%%
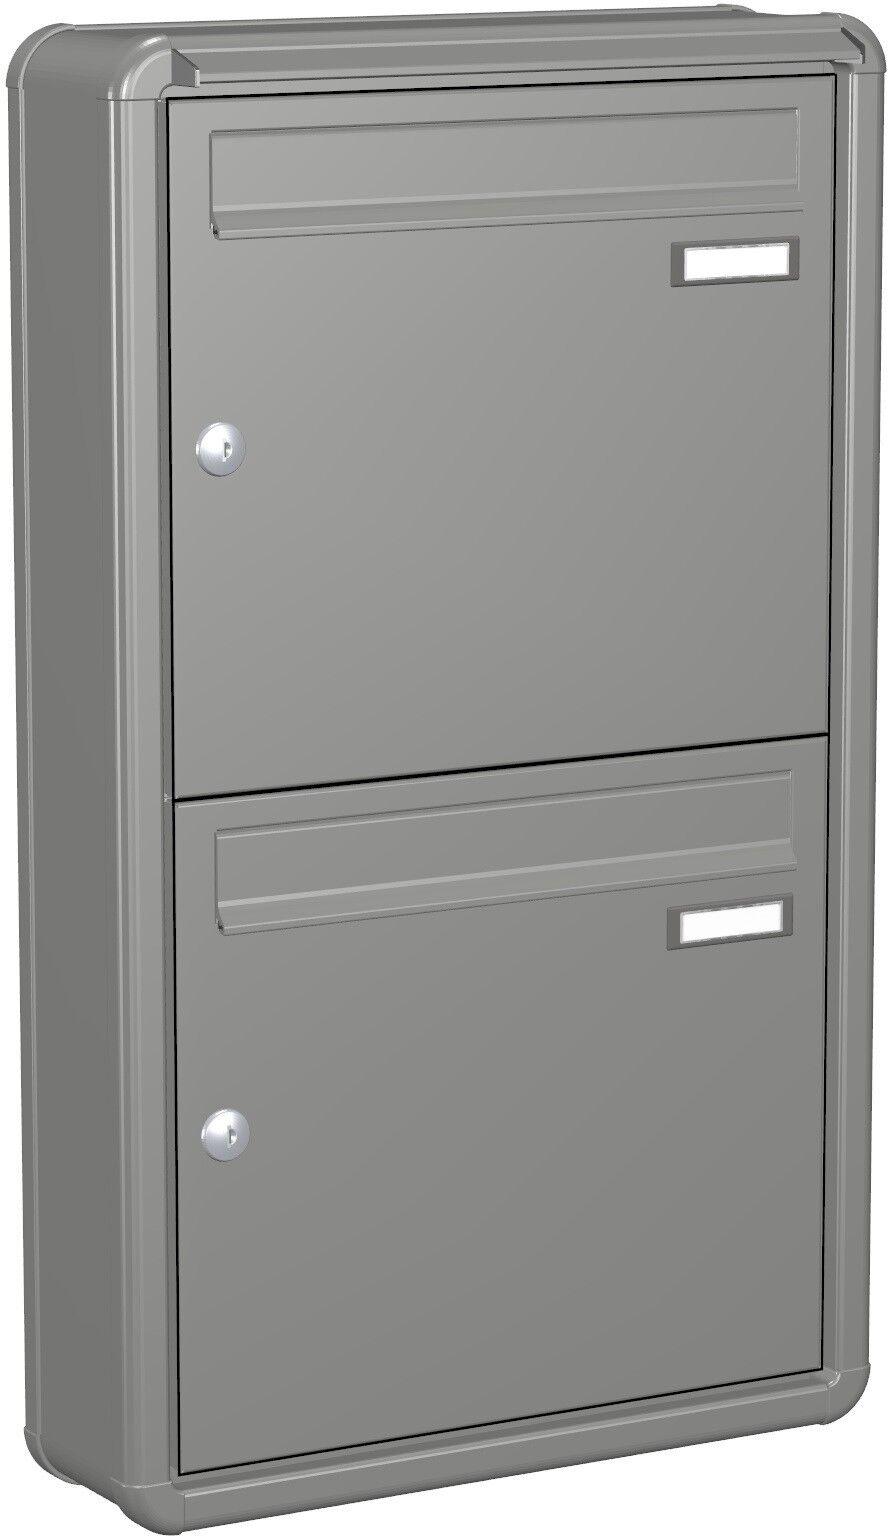 Doppelbriefkasten Aufputz 2er Briefkastenanlage Postkasten Farbauswahl APH102
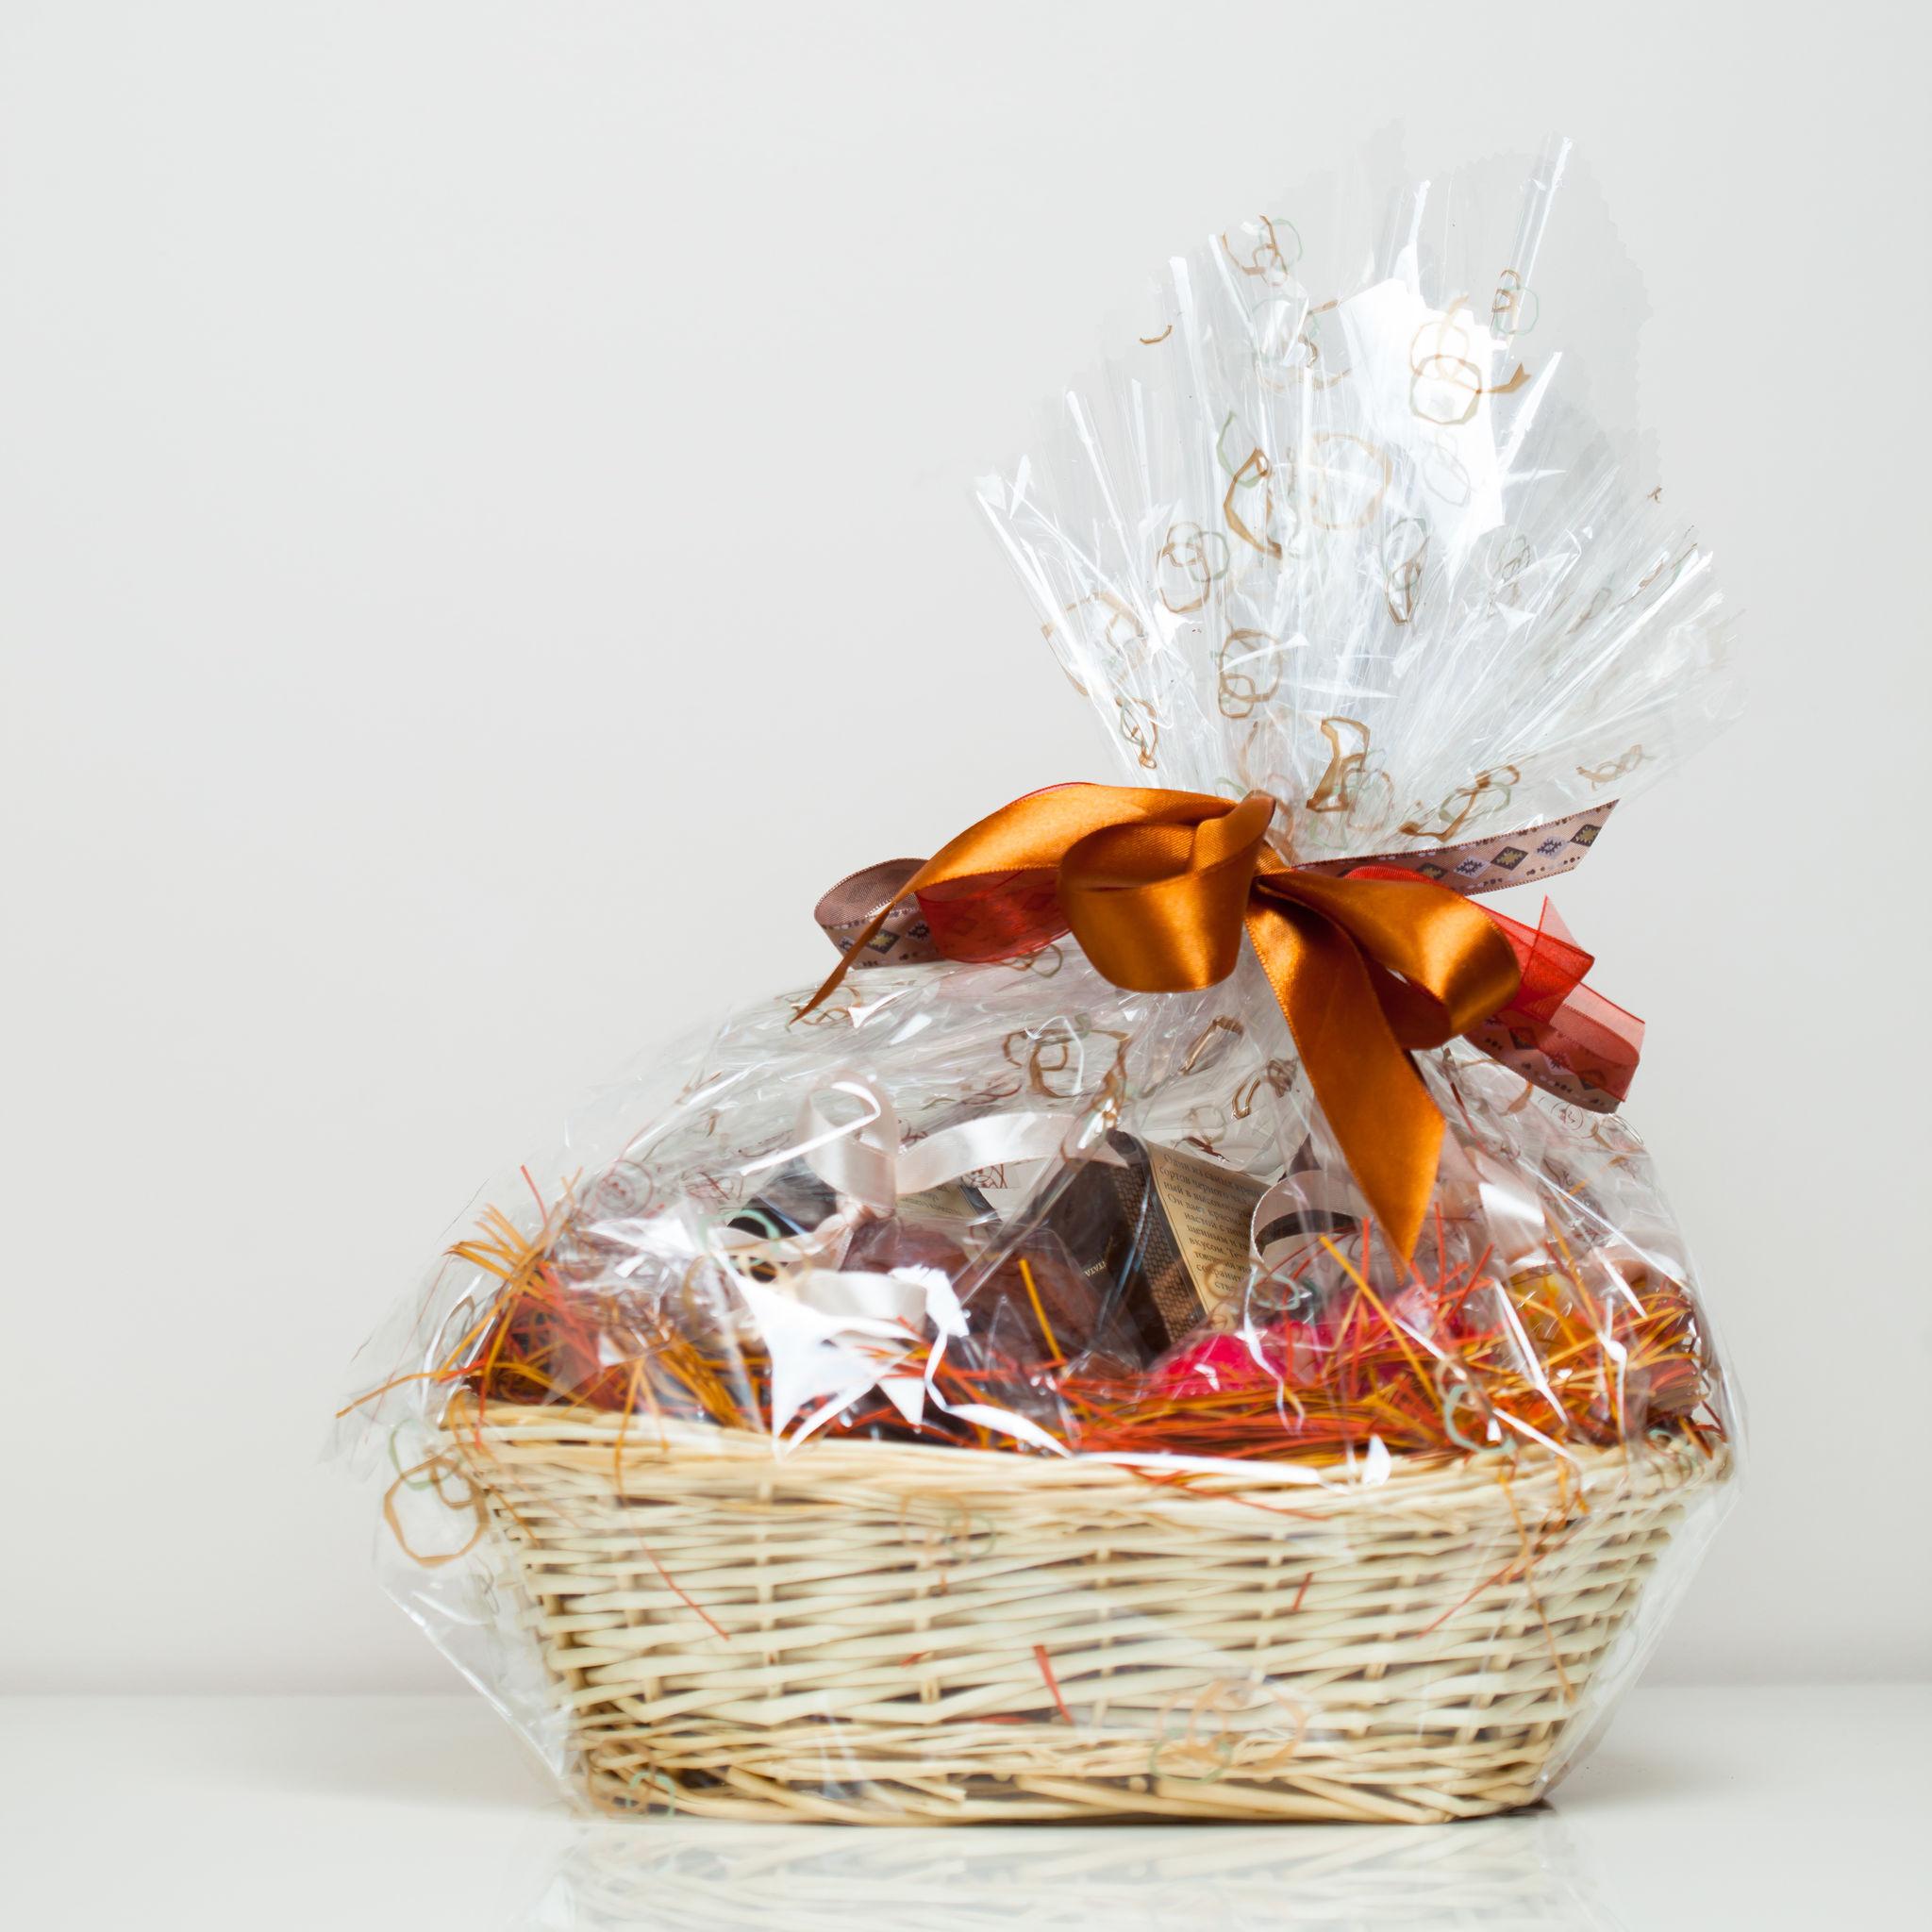 Na foto uma cesta com produtos para presente embalada com papel celofane e um laço marrom claro metalizado.
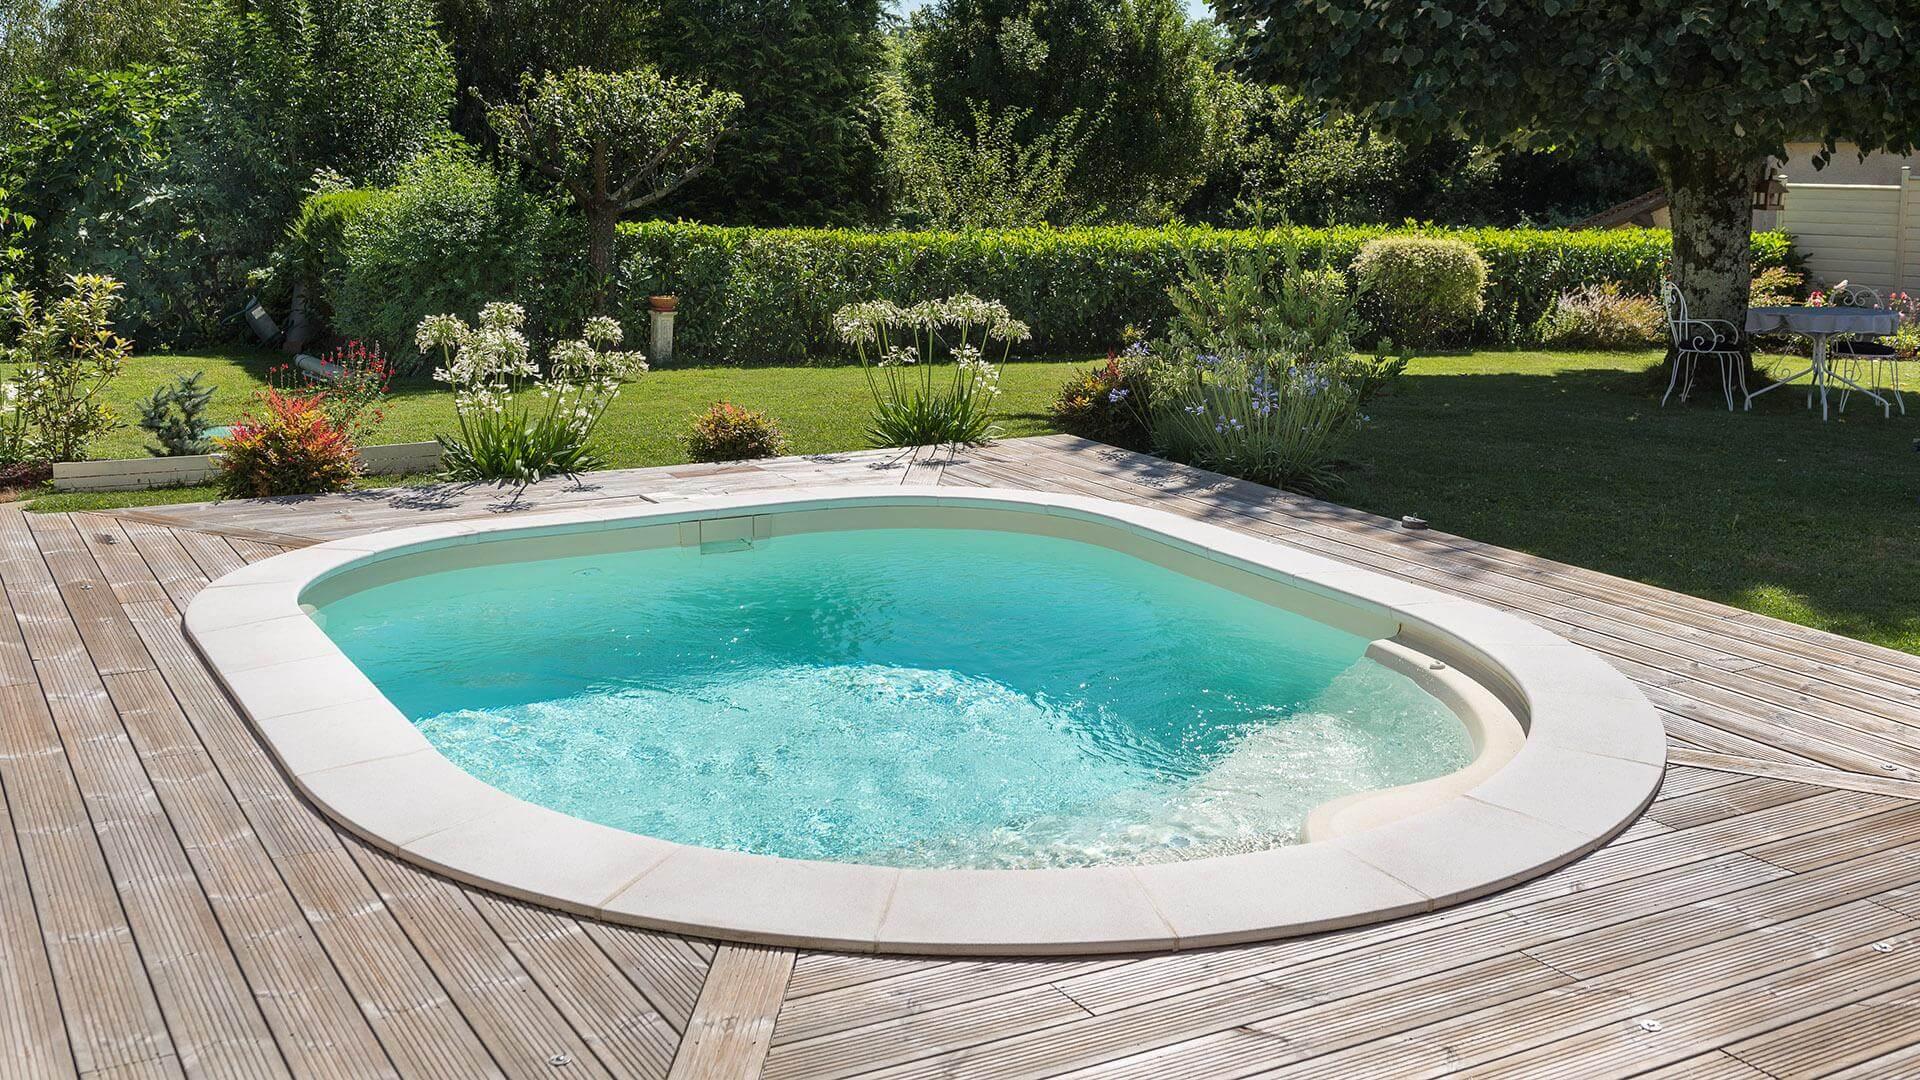 Full Size of Mini Pool Garten Lola Der Kleine Fr Jedermann Rattanmöbel Sauna Bewässerung Sitzgruppe Sichtschutz Wpc Wohnen Und Abo Sonnensegel Guenstig Kaufen Trennwände Garten Mini Pool Garten
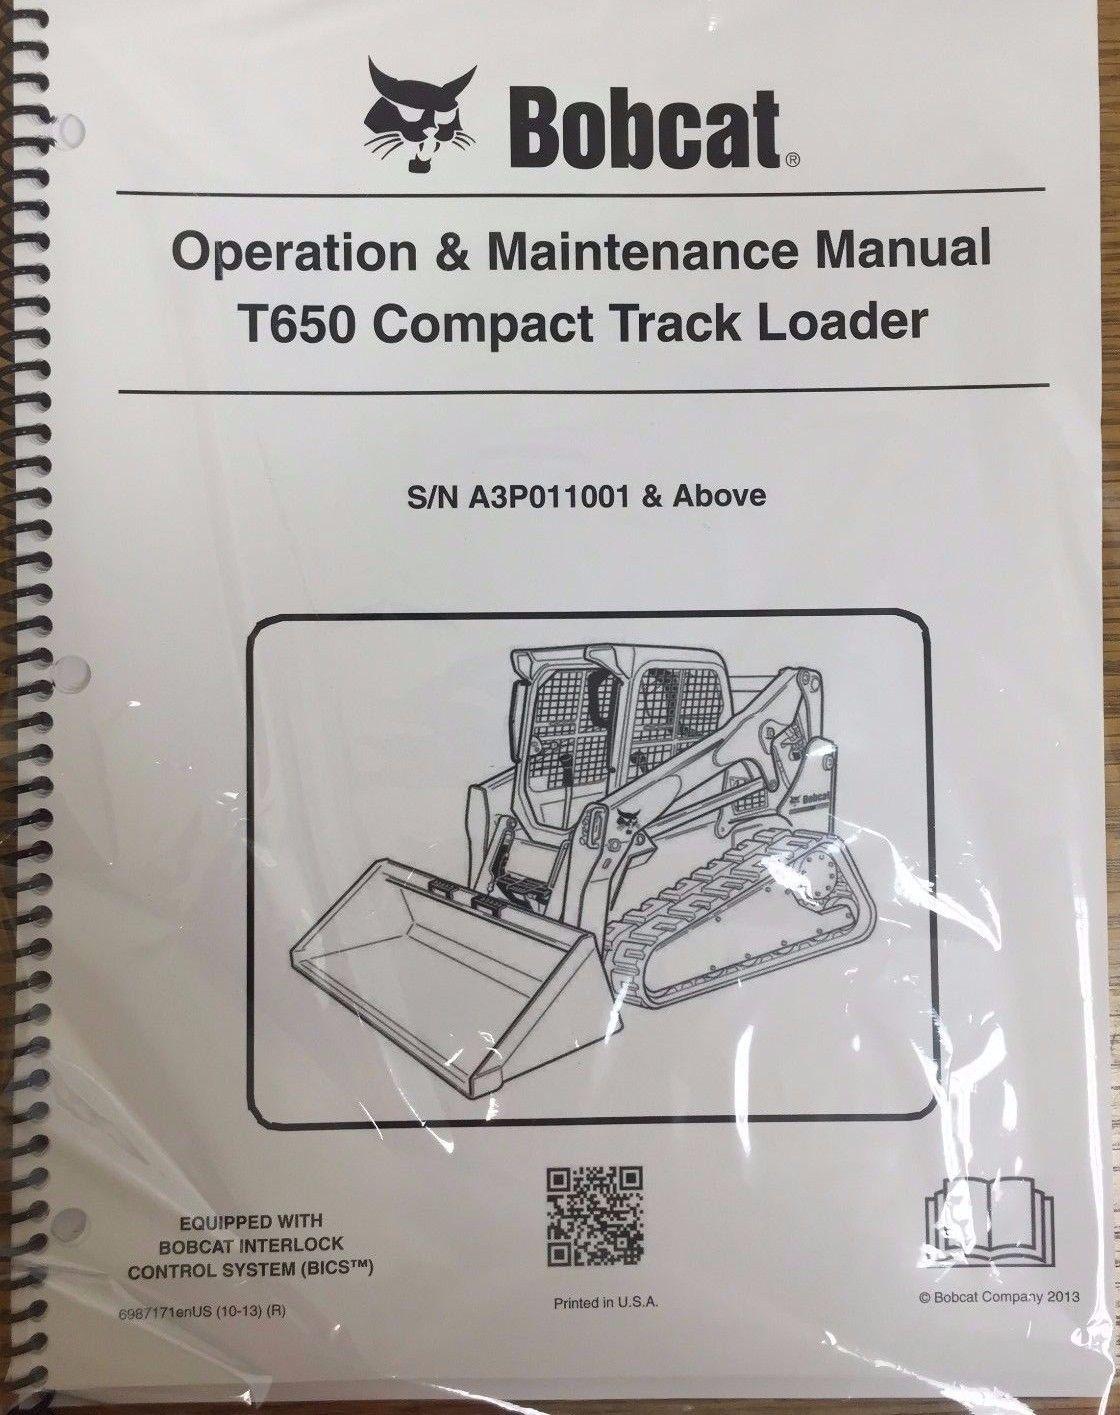 Bobcat T650 repair manual
%%
**Exercise prompt**: Retype the listing exactly and drop the pictures.

**Expected answer**:
 Doppelbriefkasten Aufputz 2er Briefkastenanlage Postkasten Farbauswahl APH102
 Na foto uma cesta com produtos para presente embalada com papel celofane e um laço marrom claro metalizado.
 Full Size of Mini Pool Garten Lola Der Kleine Fr Jedermann Rattanmöbel Sauna Bewässerung Sitzgruppe Sichtschutz Wpc Wohnen Und Abo Sonnensegel Guenstig Kaufen Trennwände Garten Mini Pool Garten
 Bobcat T650 repair manual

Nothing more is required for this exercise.